Betsey Stockton, a former slave of Princeton president Ashbel Green, was a founding member of the Witherspoon Street Church. Emancipated in 1817, Stockton travelled as a missionary to the Sandwich Islands (present-day Hawaii) in 1822. Upon returning to the United States in 1828, she founded a school for black children in Philadelphia. After this success, Stockton returned to Princeton and taught Sunday School at Witherspoon Street Church; in 1839, she also began teaching at the Quarry Street School. Upon visiting the church, the white Presbyterian minister James W. Alexander wrote to a friend:
Yesterday I examined Betsey Stockton’s school; I wish I knew of a white school where religion was so faithfully inculcated.
Betsey Stockton was beloved by her students and year after year received positive reports from the school superintendent. Her story, and the story of Princeton’s two churches, exemplifies both the racial divisions in Princeton and the black community’s commitment to education.
Princeton in the 1940s
Flash forward 100 years and those legacies still remained. On September 28, 1942, the Daily Princetonian ran the first story in a series of three articles titled “White Supremacy at Princeton.” The Daily Princetonian stood against the University’s policy of racial exclusion, which had only been bridged only a few times in the town’s history.
In 1828, Theodore S. Wright graduated from the Princeton Theological Seminary, becoming the first African American man to graduate from a seminary in the United States. At the College of New Jersey, President James McCosh accepted black seminary students into his undergraduate classes throughout the 1870s. Several African American graduate students received Master’s degrees from Princeton in the late 19th and early 20th centuries; one of them, Irwin William Langston Roundtree had been born into slavery. Yet over the decades, Princeton’s early African American students had been forgotten and erased. In 1935, black Princeton resident Bruce Wright’s offer of admission to Princeton as an undergraduate was revoked on account of his race.

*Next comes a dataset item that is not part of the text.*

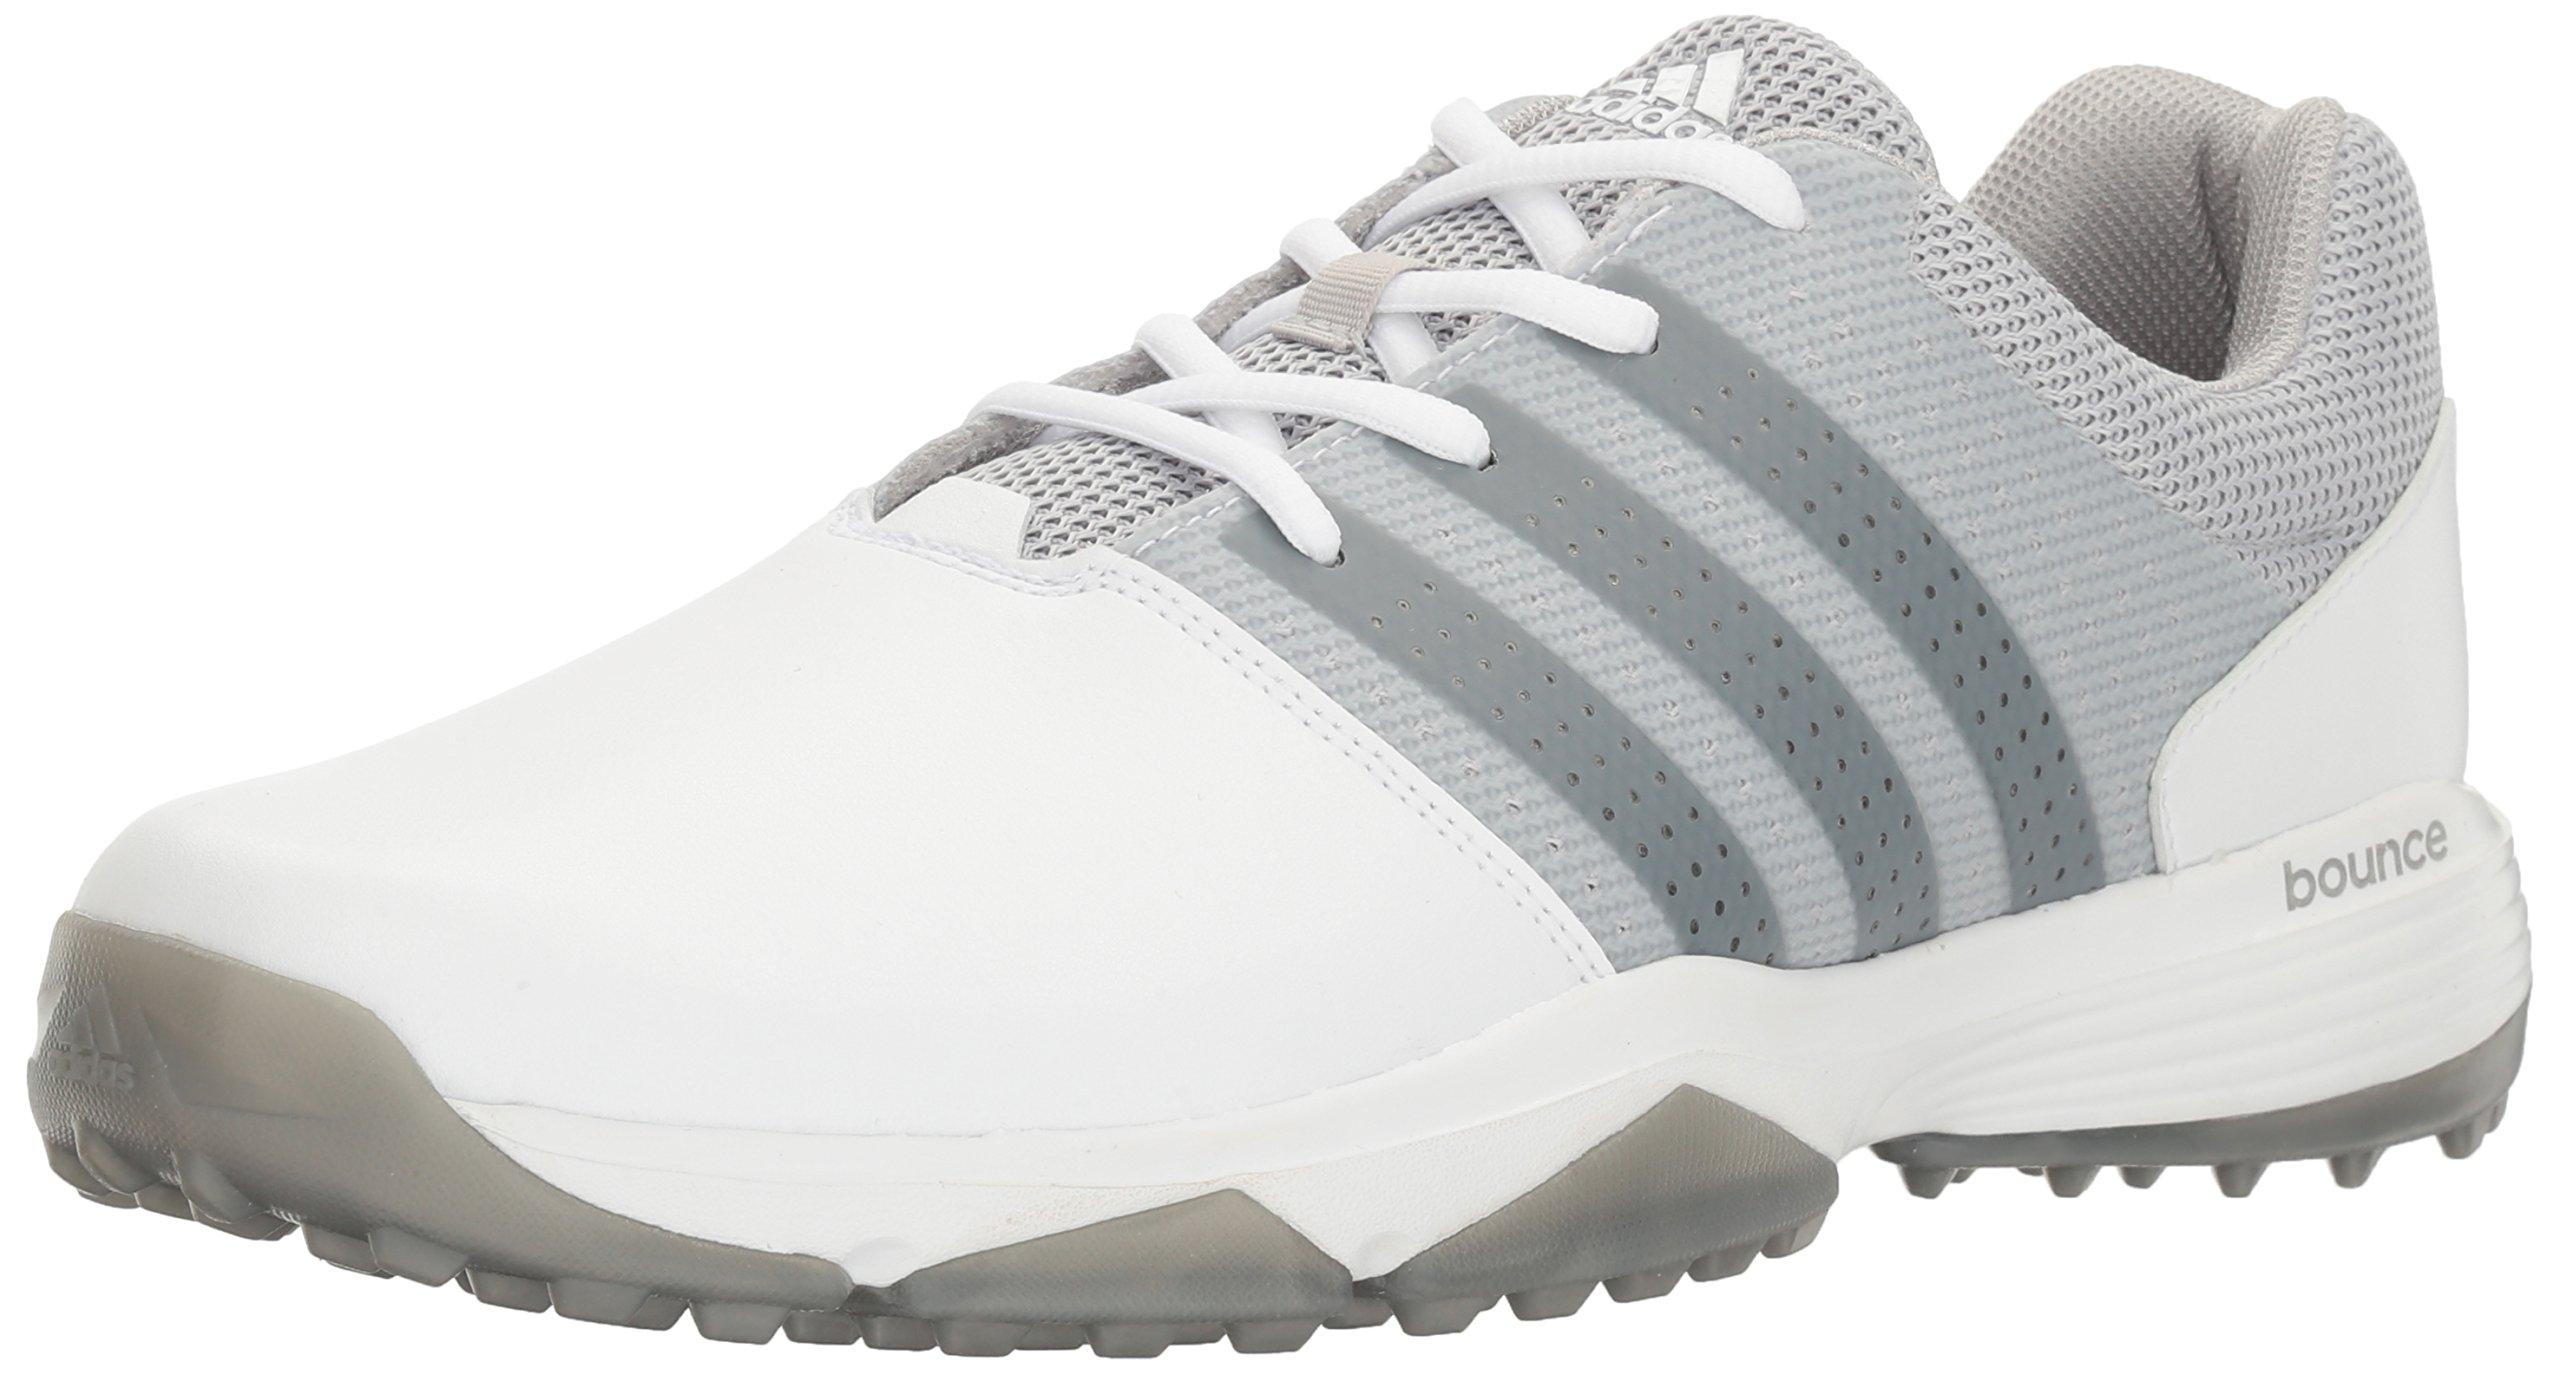 Barato Adidas ofertas 360, encontrar Adidas 360 ofertas Adidas en línea en 7351a1 b4ef64

Finally, in October 1942, in the midst of the Daily Princetonian’s campaign, four African American men—John Leroy Howard, Arthur Jewel Wilson, James Everett War, and Melvin Murchison Jr.—were admitted to Princeton under the US Navy’s V-12 officer training program.
The context of World War II was central to the Princetonian series. As the first editorial stated:
Thirteen million colored Americans are asking today if the American democracy for which they are fighting will return after the war to the caste system which deifies the white man and condemns the black man to the indignities of segregation and discrimination.
The second editorial appealed to the University’s reputation:
Princeton is the last of the leading institutions outside the deep South which still adheres to this faith in racial superiority. Conversion of Princeton and the admission of Negro students will mean that Princeton is returning to its rightful place in American progress and to a century-old tradition of developing leaders devoted to the practice of democratic principles…in proclaiming its devotion to democratic principles, it is time for Princeton to put up or shut up.
One of a series of Daily Princetonian editorials arguing for the integration of Princeton University.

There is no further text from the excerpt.